The meteorologist’s understanding of tropical weather and climate has changed dramatically over the last few decades. Nowhere have the changes been greater than over Africa. Many things are still not well understood, including simple questions about the seasonal cycle. Progress in understanding African climate has been hindered by several myths that have been widely accepted. Several of these are discussed in this talk. The main focus, however, is on major changes in our understanding of African climate. These are relevant for paleoclimate studies that strive to produce a meteorological interpretation of findings. A very important change is the question of the ITCZ paradigm for producing the seasonal cycle and modulating interannual variability. This paradigm has numerous shortcomings. Moreover, an historical look at the concept shows that its use over Africa has long been controversial, with many eminent tropical meteorologists harshly criticizing its applicability over this continent. Related to this is the recognition of the importance of mesoscale convective systems and tropical/extra-tropical hybrid systems in production rainfall over Africa. A second major change is recognizing the important role of jet streams and regional circulation systems in governing rainfall variability. Related to this is the inappropriate application of global concepts on a regional basis. A third change is the realization that many teleconnections, such as those to El Niño, are transient in nature. These ideas have greatly improved our understanding of climate variability over Africa but much still remains to be done.

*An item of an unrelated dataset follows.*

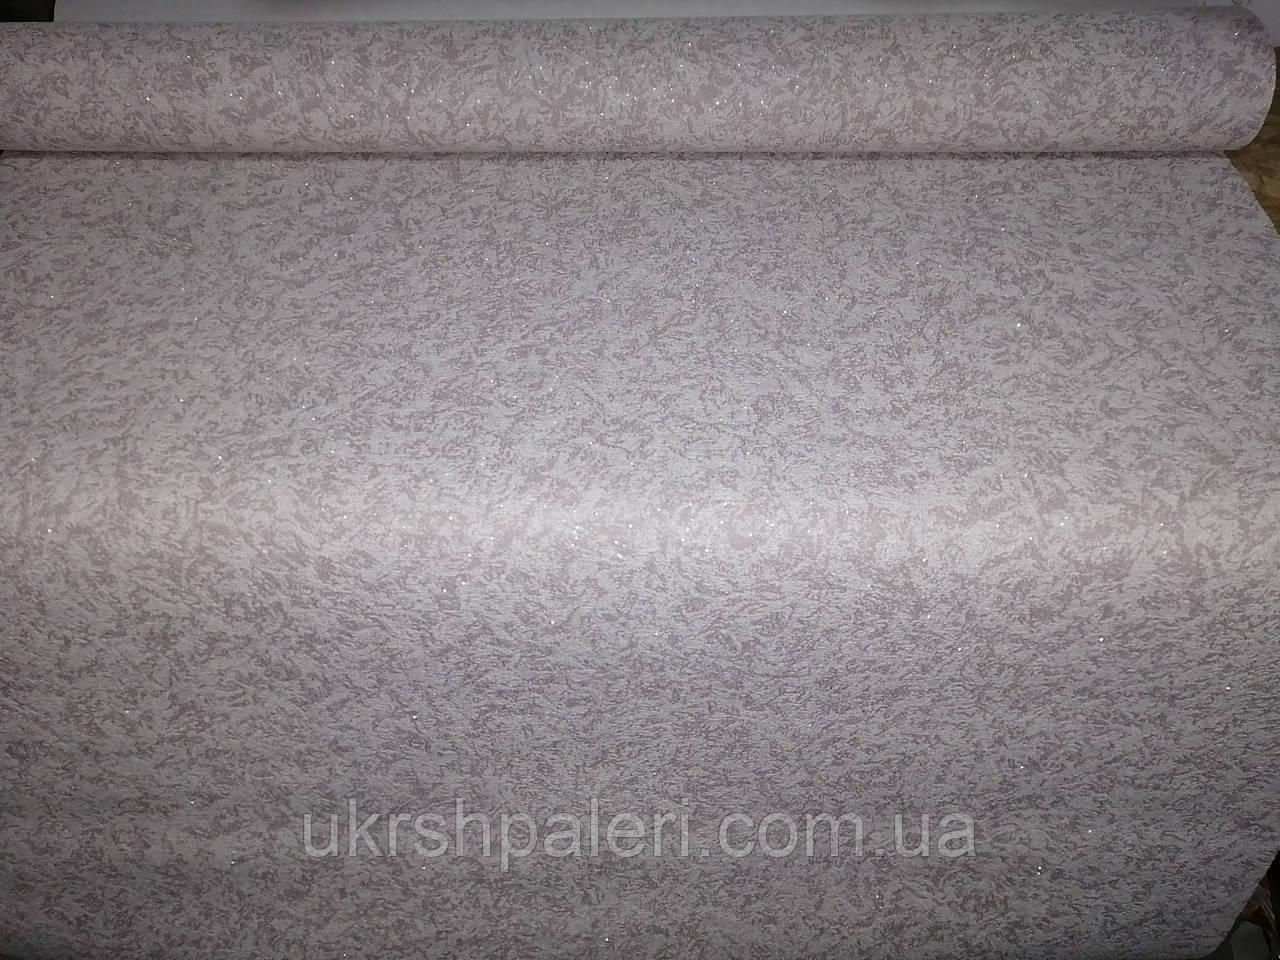 Обои Аида 3 501-01  виниловые на флизелиновой основе ширина 1.06,в рулоне 5 полос по 3 метра.

16.15 – 16.30h:        Coffee Break

16.45 – 17.45h:        Uwe Mikolajewicz
“Simulating the late glacial and the deglaciation with a comprehensive climate model”  Abstract

 

Paleo proxy data indicate strong and rapid climate changes (e.g. Heinrich events or the Younger Dryas cold spell) during the last deglaciation. Here modelling could be very helpful for the interpretation of the proxy data, but the models are not really suited for the simulation of these long time periods, as the boundary conditions (e.g. topography and land sea masks) should not be treated as constant anymore.

A new developed model system consisting of the atmosphere model ECHAM, the ocean model MPIOM, the ice sheet model PISM and the solid earth model VILMA (important for glacial isostatic adjustment) with automatic adaptation of land-sea mask, ocean bathymetry, land orography and river routing designed for long-term simulations is currently in the test phase.

Here results are presented from simulations with different subsystems focussing on the deglaciation. It is shown, that changes in river routing due to retreating ice sheets can explain the occurrence of an abrupt cold event due to a strong reduction of the Atlantic heat transport. Changes in the land-sea mask turned out to be important as well, especially for the late phase of the last deglaciation.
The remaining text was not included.